Ariyasu, S., Mu, J., Zhang, X., Huang, Y., Yeow, E. K., Zhang, H., and Xing, B.,Investigation of Thermally Induced Cellular Ablation and Heat Response Triggered by Planar MoS2-based Nanocomposite, Bioconjugate chemistry, 2017.
Insulin mimetic
Exposure to sodium molybdate results in mild oxidative stress in Drosophila melanogaster
OBJECTIVES: The study was conducted to assess the redox status of Drosophila flies upon oral intake of insulin-mimetic salt, sodium molybdate (Na2MoO4).
METHODS: Oxidative stress parameters and activities of antioxidant and associated enzymes were analyzed in two-day-old D. melanogaster insects after exposure of larvae and newly eclosed adults to three molybdate levels (0.025, 0.5, or 10 mM) in the food.
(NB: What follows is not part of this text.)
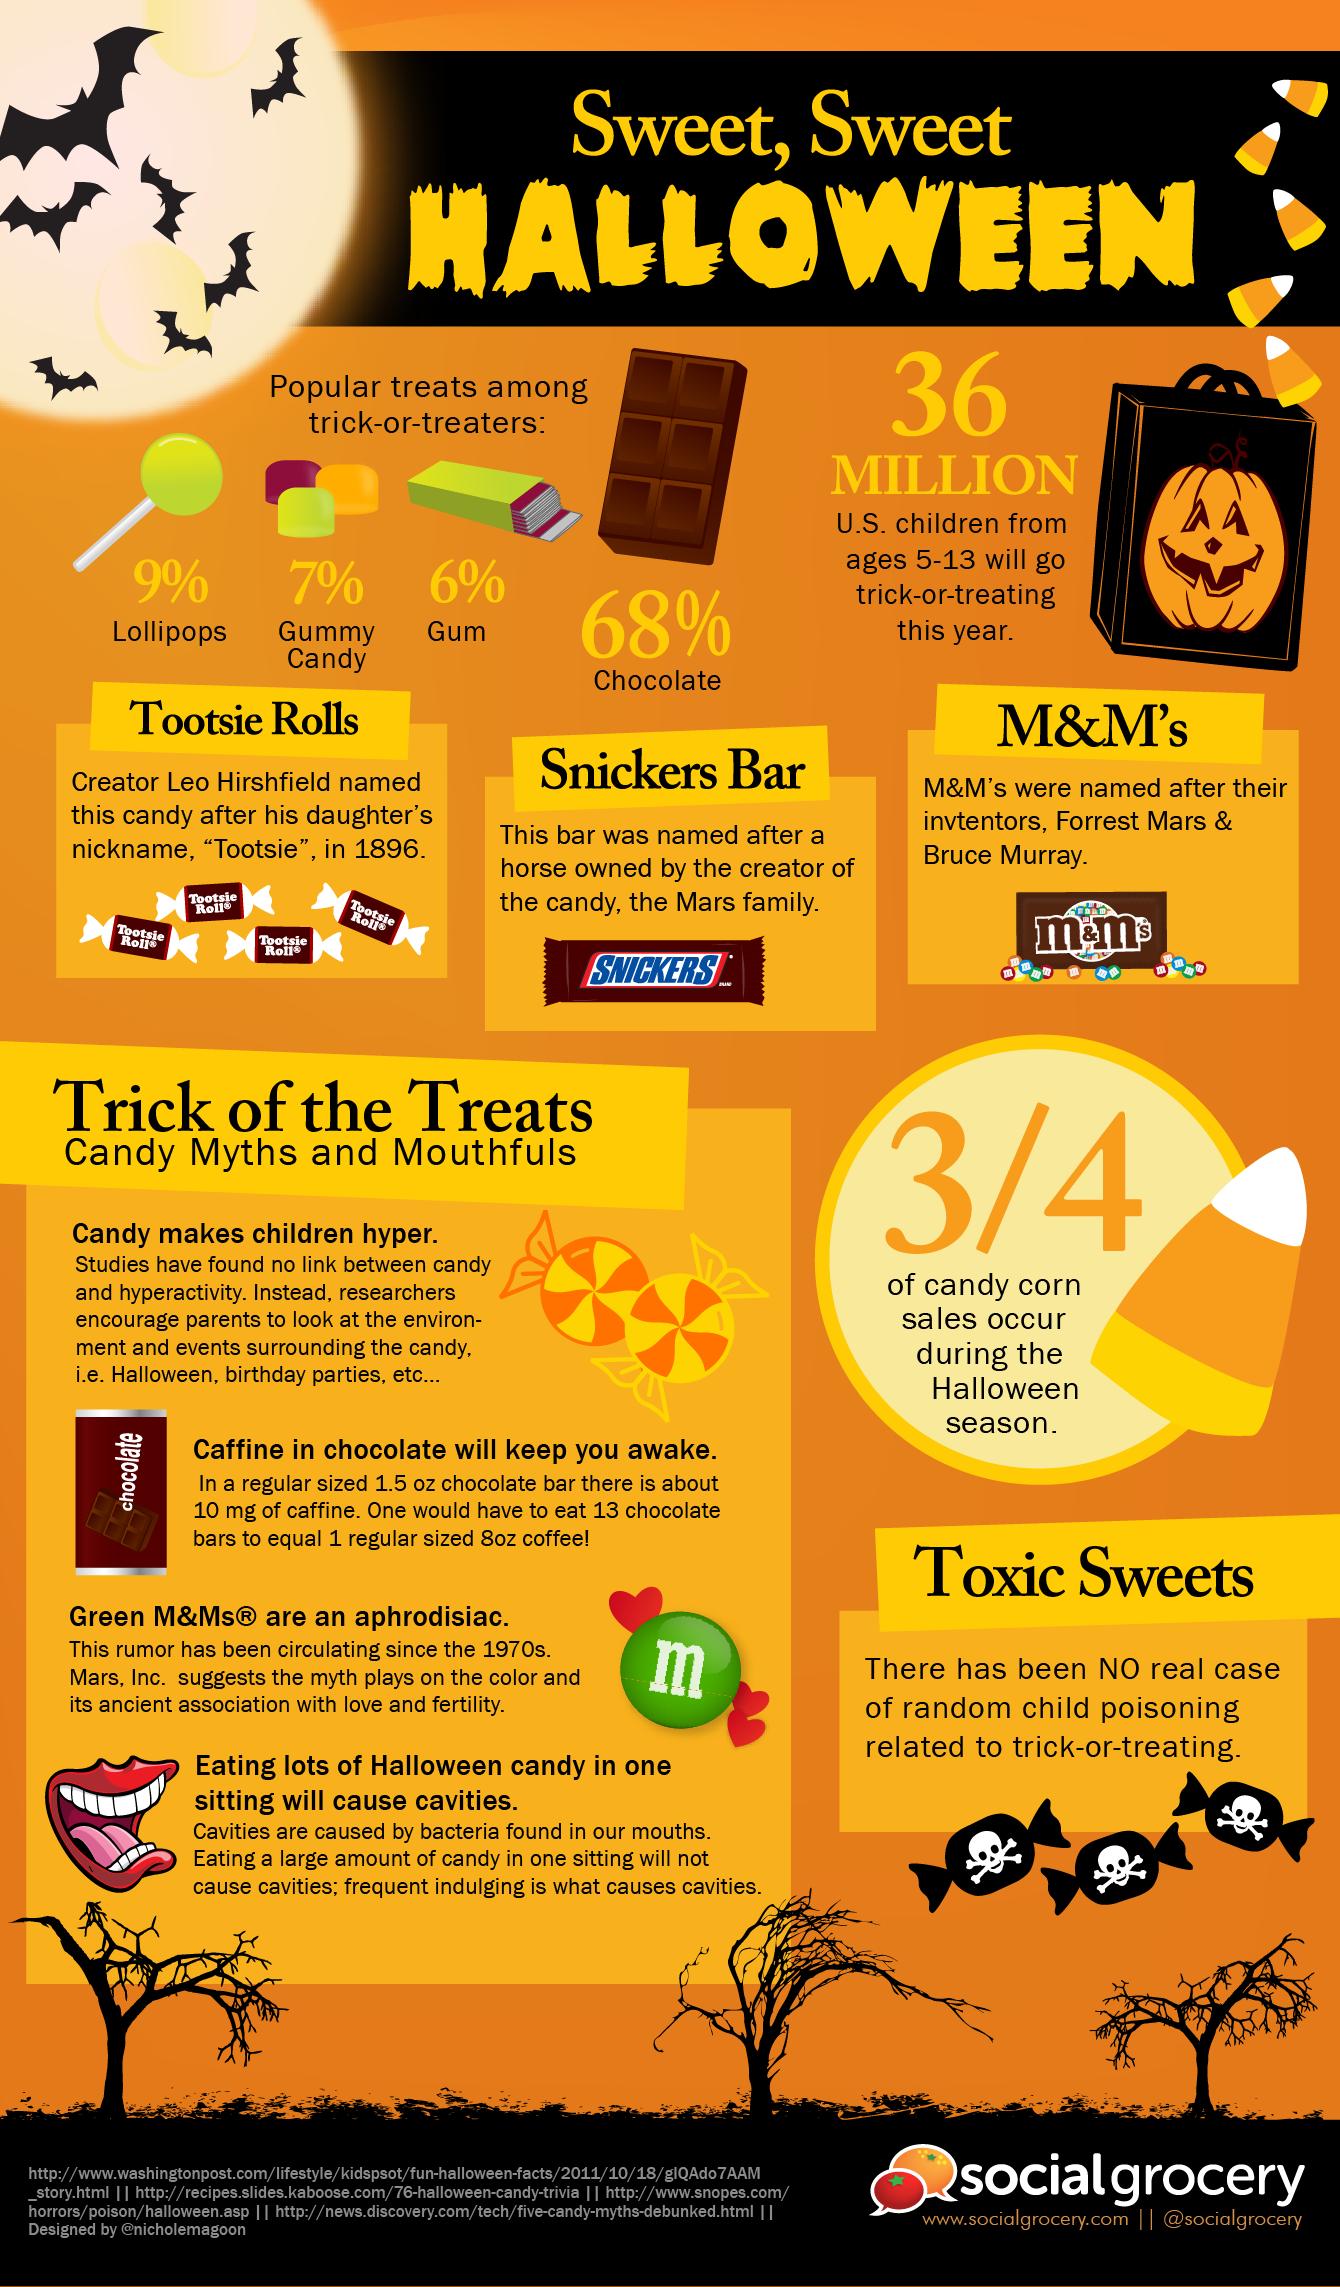 Halloween Infographic - Sweet, Sweet Halloween

RESULTS: Molybdate increased content of low molecular mass thiols and activities of catalase, superoxide dismutase, glutathione-S-transferase, and glucose-6-phosphate dehydrogenase in males. The activities of these enzymes were not affected in females. Males exposed to molybdate demonstrated lower carbonyl protein levels than the control cohort, whereas females at the same conditions had higher carbonyl protein content and catalase activity than ones in the control cohort. The exposure to 10 mM sodium molybdate decreased the content of protein thiols in adult flies of both sexes. Sodium molybdate did not affect the activities of NADP-dependent malate dehydrogenase and thioredoxin reductase in males or NADP-dependent isocitrate dehydrogenase in either sex at any concentration.
DISCUSSION: Enhanced antioxidant capacity in upon Drosophila flies low molybdate levels in the food suggests that molybdate can be potentially useful for the treatment of certain pathologies associated with oxidative stress.
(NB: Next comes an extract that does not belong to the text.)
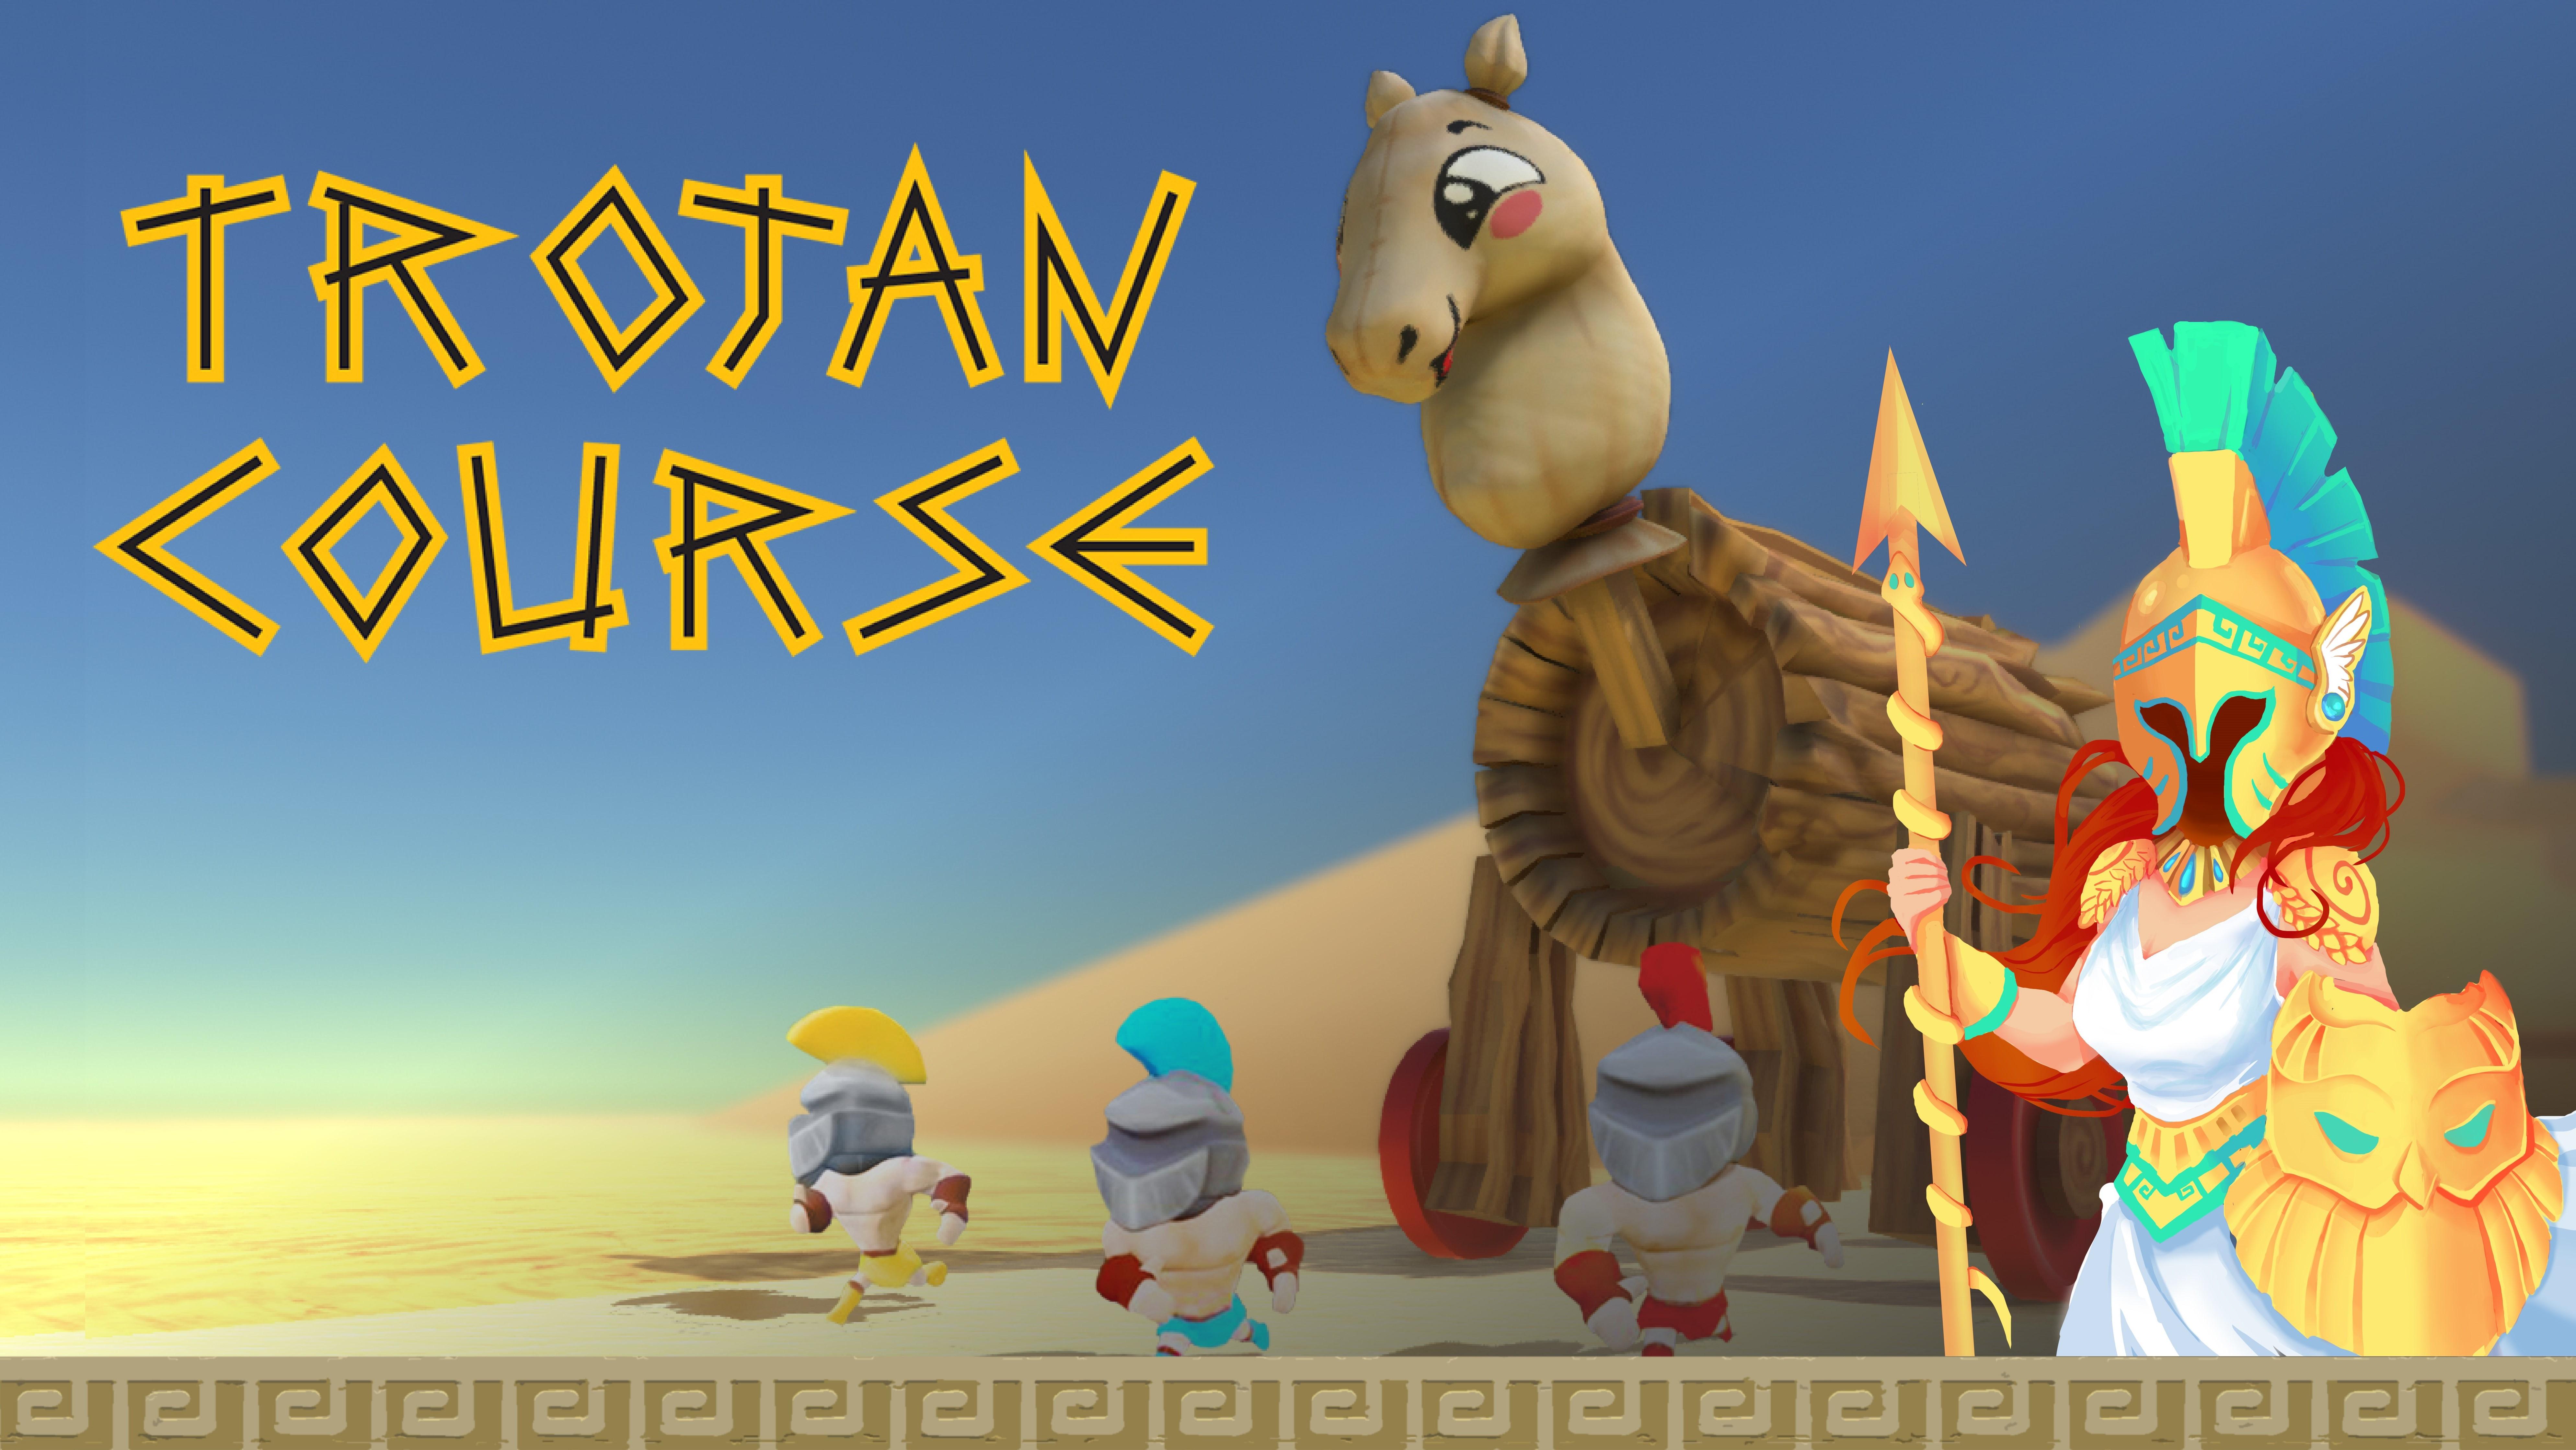 Trojan Course

Perkhulyn, N. V., Rovenko, B. M., Lushchak, O. V., Storey, J. M., Storey, K. B., and Lushchak, V. I.,Exposure to sodium molybdate results in mild oxidative stress in Drosophila melanogaster, Redox report : communications in free radical research, 2017, 1-10.
[Drosophila melanogaster = fruit fly. See https://en.wikipedia.org/wiki/Drosophila_melanogaster and Similarity to humans:
“A March 2000 study by National Human Genome Research Institute comparing the fruit fly and human genome estimated that about 60% of genes are conserved between the two species.[32] About 75% of known human disease genes have a recognizable match in the genome of fruit flies,[33] and 50% of fly protein sequences have mammalian homologs. An online database called Homophila is available to search for human disease gene homologues in flies and vice versa.[34] Drosophila is being used as a genetic model for several human diseases including the neurodegenerative disorders Parkinson's, Huntington's, spinocerebellar ataxia and Alzheimer's disease. The fly is also being used to study mechanisms underlying aging and oxidative stress, immunity, diabetes, and cancer, as well as drug abuse.”
Antioxidant and associated enzymes. See http://www.news-medical.net/health/Antioxidant-Enzyme-Systems.aspx Enzymes that catalyze reactions to neutralize free radicals and reactive oxygen species: superoxide dismutase, glutathione peroxidise, glutathione reductase, catalases, lipoic acid. They require co-factors such as selenium, iron, copper, zinc, and manganese for optimum catalytic activity.
“These form the body’s endogenous defence mechanisms to help protect against free radical-induced cell damage. The antioxidant enzymes – glutathione peroxidase, catalase, and superoxide dismutase (SOD) – metabolize oxidative toxic intermediates.]